In order for that to happen we have bypass the mental barriers we have erected in our minds and allow Truth to speak to our hearts.  We can be told in a thousand different times that we are new creations, God’s children, God’s holy nation, and saints but unless these truths make it past our mind and into our hearts they are just words and our lives remain unchanged.



One of the ways the Holy Spirit bypasses the defenses of our mind and attacks our hearts is through the use of stories.  In 2 Samuel 12 we see a good example of this.  In the previous chapter we read about King David’s terrible sin of adultery and treachery.  He stole the wife of one of his most devoted men and then had him, Uriah, murdered.  David took advantage of Uriah’s trust and sent him to battle carrying the orders that sealed his demise.



For more than a year David continued life as normal, believing that he had gotten way with it.  There was no repentance when David went to offer sacrifices or worship in the tabernacle. David’s mind told him that everything was okay.



But we know things weren’t okay, and God sent Nathan the Prophet to confront David.  Nathan told David a story about a rich man with lots of sheep his neighbor a poor man with one pet ewe lamb.  One day the rich man has a visitor, but rather than using one of his own sheep for supper the rich man steals his neighbor’s ewe lamb and uses it for supper.  What was David’s response?

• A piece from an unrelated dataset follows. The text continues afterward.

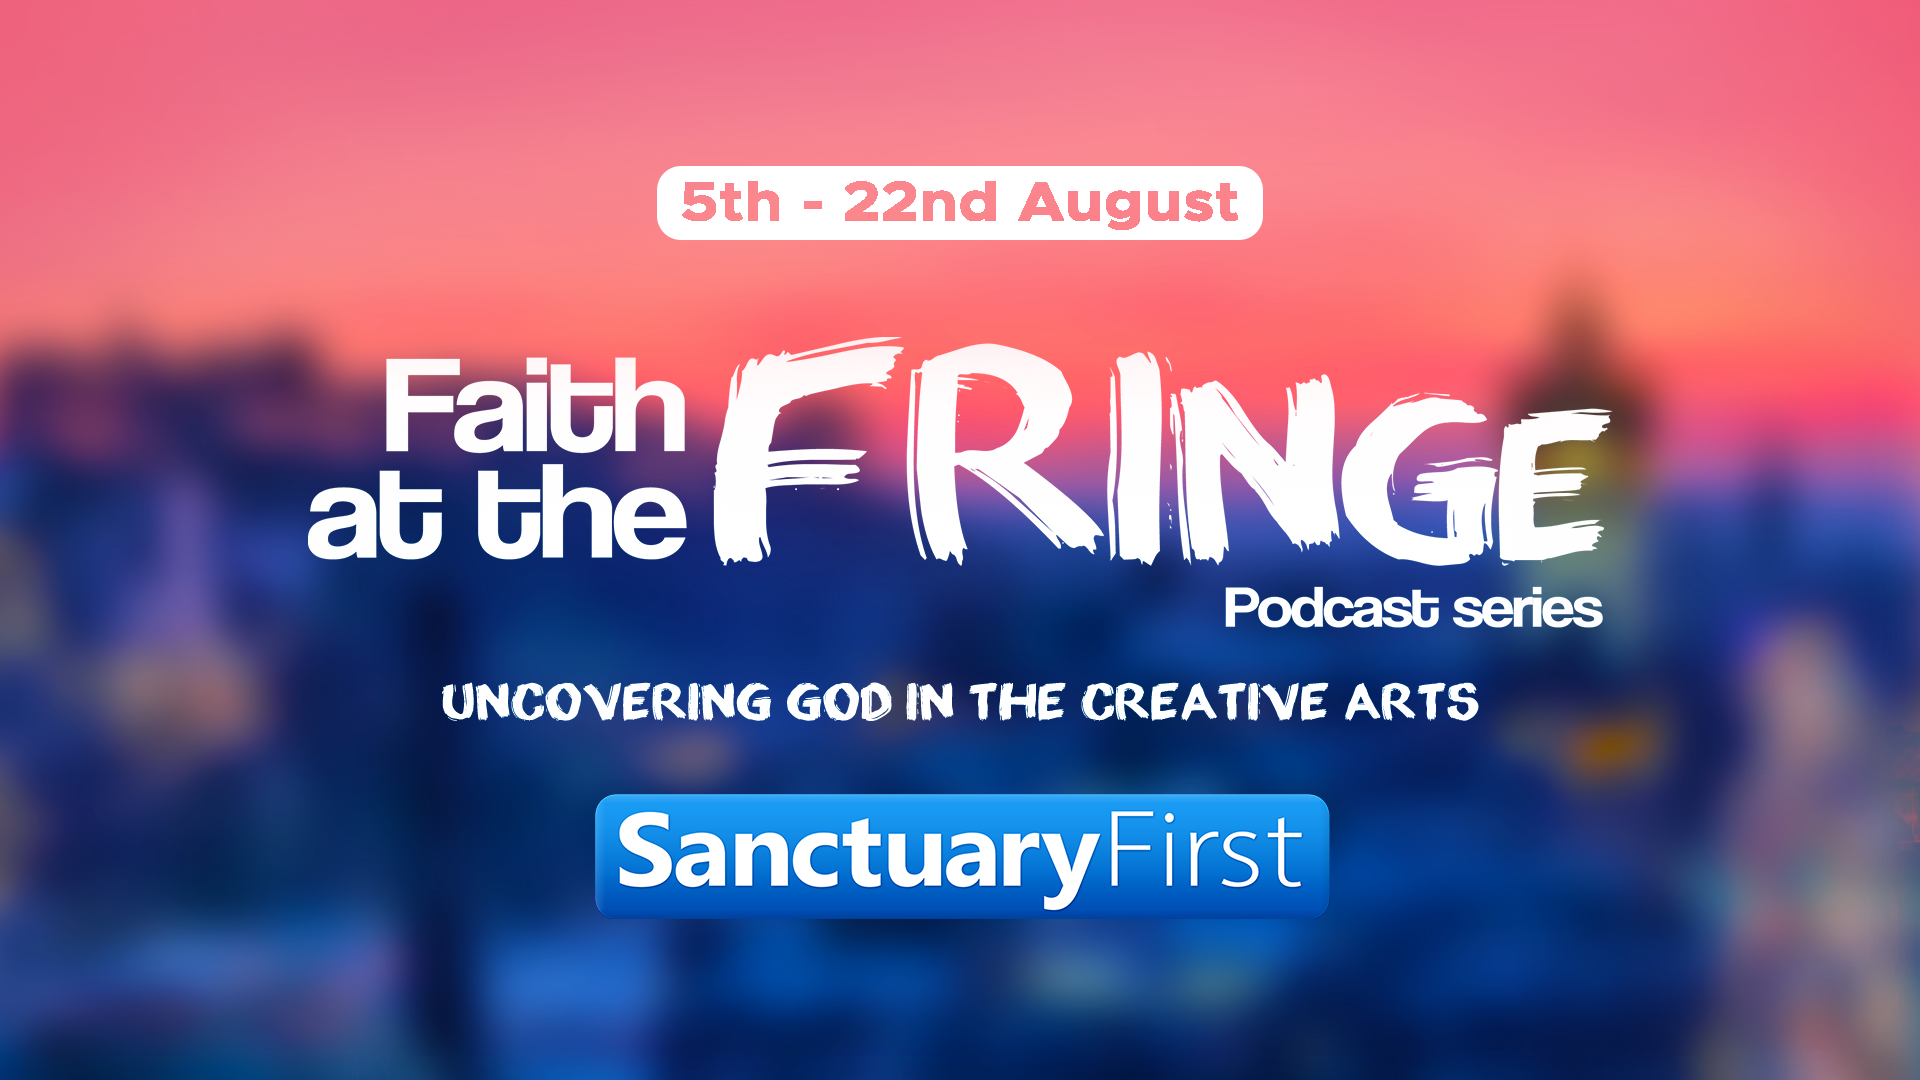 Faith at the Fringe Podcasts!

David was furious.  “As surely as the LORD lives,” he vowed, “any man who would do such a thing deserves to die! He must repay four lambs to the poor man for the one he stole and for having no pity.” 
Then Nathan said to David, “You are that man…” 
Then David confessed to Nathan, “I have sinned against the LORD” (2 Samuel 12:5-7, 13; NLT).

What a year of Torah reading and sacrifices failed to accomplish a single simple story accomplished.  Truth was able to get around the defenses erected in David’s mind and come in through the back door of his heart.  That is the power of story.

As we seek to discover who we are and the life God created us to live not only do we have to look to God’s Word, but we also have to look at other ways Truth is communicated in our lives. One of those way is through stories, and the stories we enjoy reveal much about the life God has called us to live.  The heroes and heroines we come to love through those stories help us to understand the role God has called us to play in this life.

Each one of us has been called to be a hero.  True some us are called to be Batman, others Batgirl, some Commissioner Gordon, and still others Alfred.  Not one us was created to be Joker, Riddler, Poison Ivy, or Penguin, a villain who seeks to bring pain into people’s lives.  We are called to be heroes, to rescue people, and to give them hope in the midst of their pain.  In his short letter Jude wrote:
But you dear friends, must continue to build your lives on the foundation of your holy faith. And continue to pray as you are directed by the Holy Spirit. Live is such a way that God’s love can bless you as you wait for the eternal life that our Lord Jesus Christ in his mercy is going to give you. Show mercy to those whose faith is wavering. Rescue others by snatching them from the flames of judgment. They are still others to whom you need to show mercy, but be careful that you aren’t contaminated by their sins” (Jude 20-23; NLT).

The heroes we connect with in the stories that we love help us understand the way God sees us, the potential that our lives posses, and the calling that is on our lives.  John Eldredge in Waking the Dead wrote:
There are stories that you’ve loved; there are characters that you’ve resonated with down deep inside, maybe even dreamed that you could be.  Do you know why?  Deep is calling into deep.  They spoke to you—they speak even now—because they contain some hint or glimpse of your true self” (p. 83).

There is a hidden greatness within you.  You are more than your hobbies, jobs, political views, and relationships.  You are a Hero created by God.  Your glory isn’t discovered in trying not to sin as you go to church every Sunday.  Taking a risk and stepping out into an incredible adventure is how you discover your glory as you begin to rescue people from the Evil One.  You were created to be a hero.